L'application de la méthode des chimères caille-poulet à l'étude de la mise en place des ébauches embryonnaires chez les vertébrés amniotes a été décrite par Gary Schoenwolf. Cette information est très intéressante, car elle permet de connaître les transformations morphogénétiques qui affectent les territoires embryonnaires précoces et sculptent ainsi la forme des organes et du corps, spécifique de chaque espèce vivante. Elle permet ensuite d'aborder l'étude des mécanismes responsables de la morphogenèse et des gènes qui la contrôlent.
Étude de la Plasticité du Neuroépithélium
Les travaux de Marion Wassef portent sur un autre aspect de la plasticité du neuroépithélium, au stade où l'ébauche de l'encéphale se présente sous la forme de vésicules céphaliques (pro-, més, et rhom-bencéphale), préfigurant les différents segments antéropostérieurs du cerveau futur. Elle essaie de comprendre les lois qui sous-tendent l'expression du gène Wnt-1 codant pour un facteur de croissance, dont le rôle est encore mal compris.
Dans le mutant swaying, qui exprime une forme tronquée de Wnt-1, la limite mésencéphalo-métencéphalique est moins nette et on retrouve des cellules du mésencéphale, marquées par le gène Otx2, dans le métencéphale et vice-versa.
Développement du Système Nerveux Périphérique et Central
Différenciation des Cellules Gliales
Les cellules gliales qui composent le SNP (cellules de Schwann et cellules satellites des ganglions nerveux) sont radicalement différentes de celles qui constituent le SNC (astrocytes, oligodendrocytes et cellules microgliales). Néanmoins, il est important de noter que les axones périphériques peuvent provenir de cellules du SNC (ex : motoneurones) ou que des axones de cellules périphériques peuvent cheminer dans le SNC (ex : axones sensitifs issus des cellules des ganglions de la racine dorsale).
Ainsi des anomalies des régions centrales peuvent donner des signes cliniques généralement associés à des anomalies du SNP (l'exemple typique est l'atteinte de la corne ventrale de la moelle spinale qui génère un déficit moteur de type périphérique).
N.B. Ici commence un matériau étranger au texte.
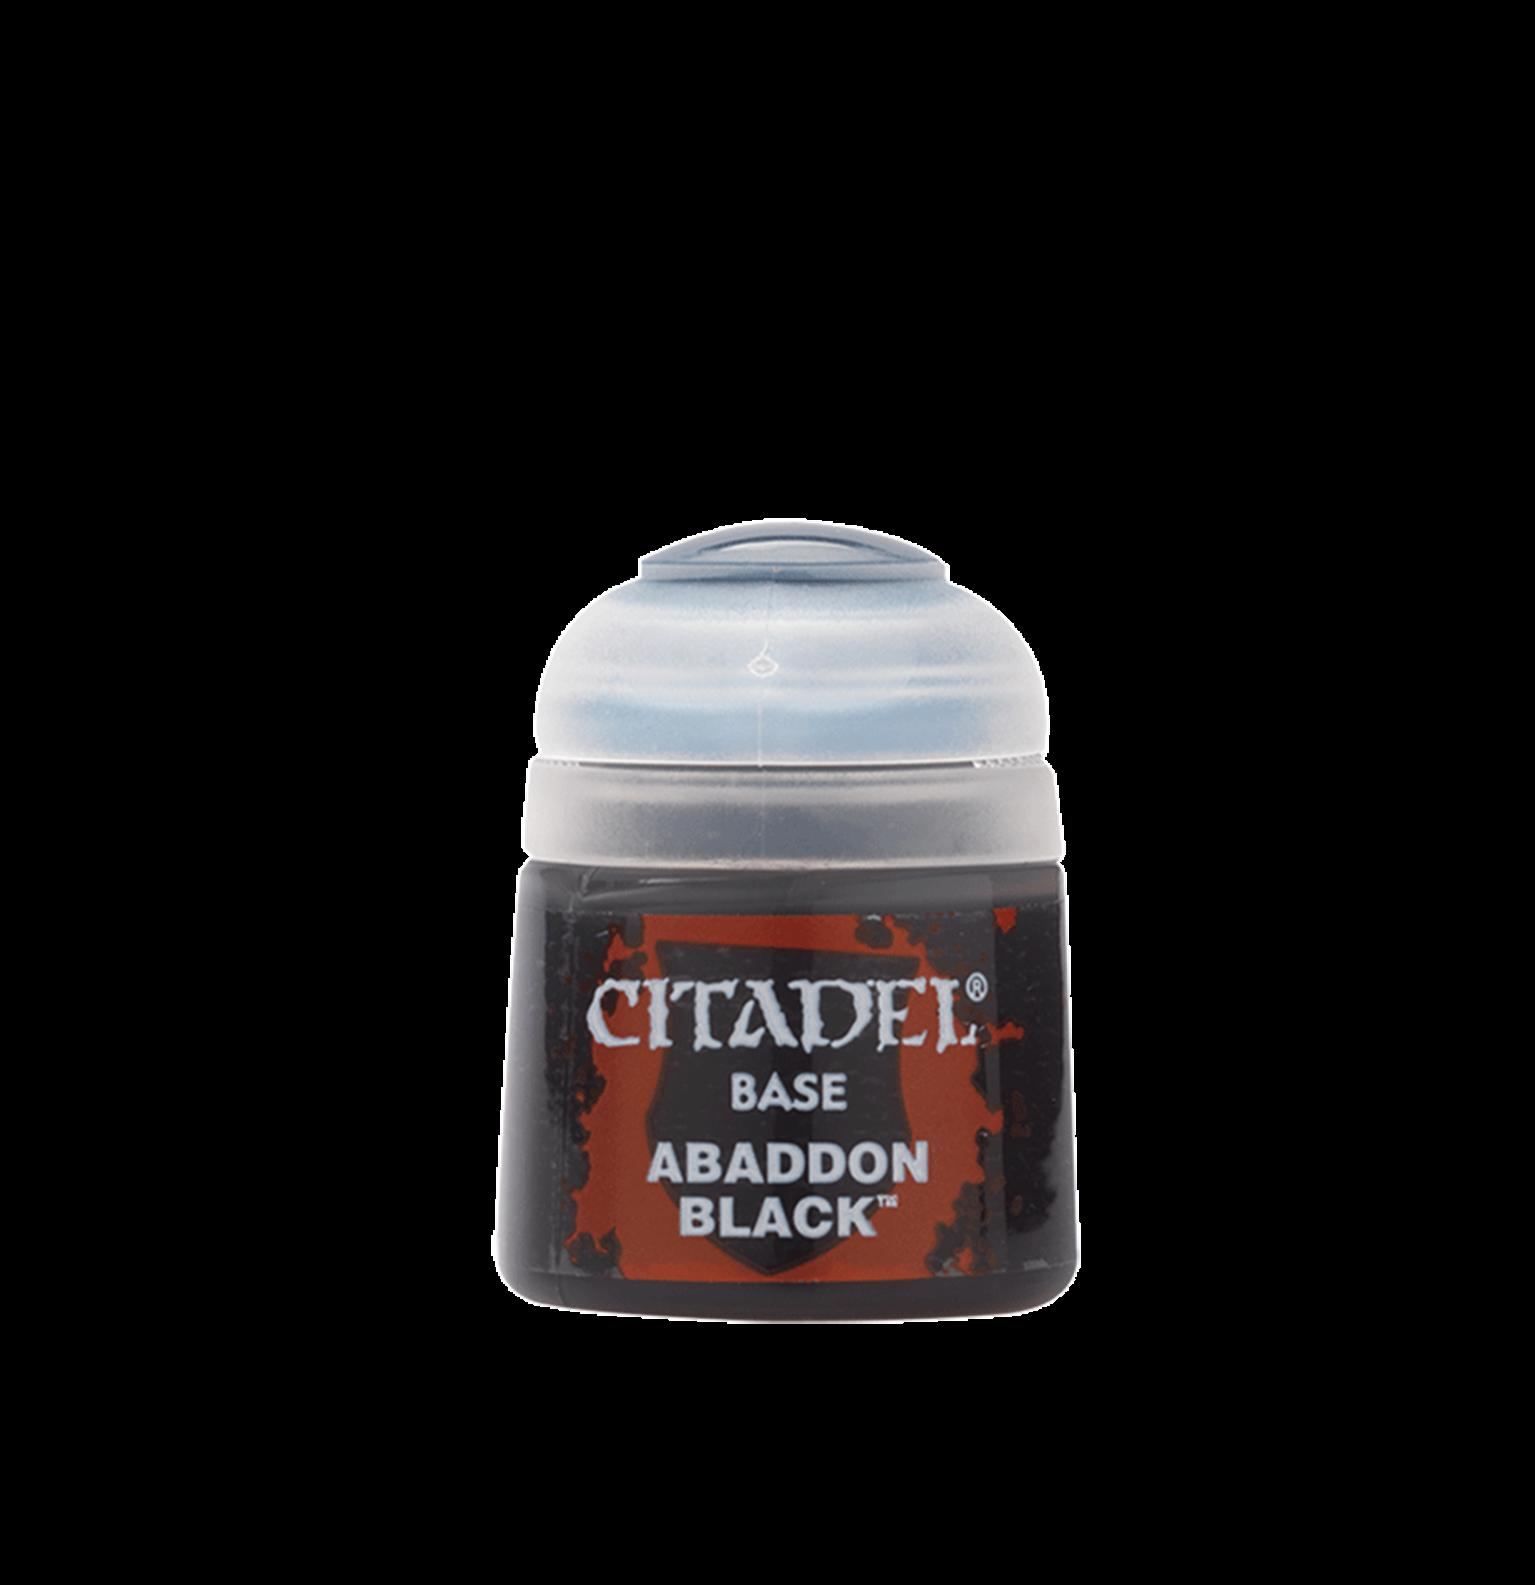 Citadel Base Abandon Black Paint Pot

Origine et Migration des Neurones Périphériques
Les motoneurones périphériques, comme les neurones végétatifs de projection issus de la moelle spinale, naissent dans le tube neural. Leurs axones grandissent et quittent le tube, ils forment alors la racine ventrale des nerfs spinaux. Ces axones ne peuvent migrer qu'au niveau du sclérotome issu de l'hémisomite rostral. Le sclérotome issu de l'hémisomite caudal est imperméable pour la croissance des axones. De ce fait, les neurones de projection du système nerveux périphérique, même s'ils sont produits tout au long de l'axe antéropostérieur, forment des racines distinctes séparées les unes des autres.
Les ganglions du SNP sont générés par des cellules issues du toit du tube neural. Ce toit subit une transformation radicale : certaines de ses cellules s'engagent dans un processus de transition épithéliomésenchymateuse. Elles peuvent migrer selon trois voies : la voie sous-ectodermique, la voie somitique et la voie ventrale.
Développement du Cervelet
Le cervelet dérive du tube neural et plus précisément du premier rhombomère (c.-à-d. la région la plus rostrale du métencéphale). Il est initialement présent sous la forme de deux ébauches séparées par la ligne médiodorsale. La polarité antéropostérieure initiale de ces ébauches correspond à la future polarité médiolatérale du cervelet.
Le tube neural de la région rhombomérique se déforme à la suite du développement de l'ébauche du 4e ventricule qui prend la forme d'un losange. Cette déformation conduit à une bascule des ébauches cérébelleuses, leurs régions initialement rostrales devenant plus médianes. L'évolution de ce mouvement morphogénétique conduit à la fusion des régions médianes.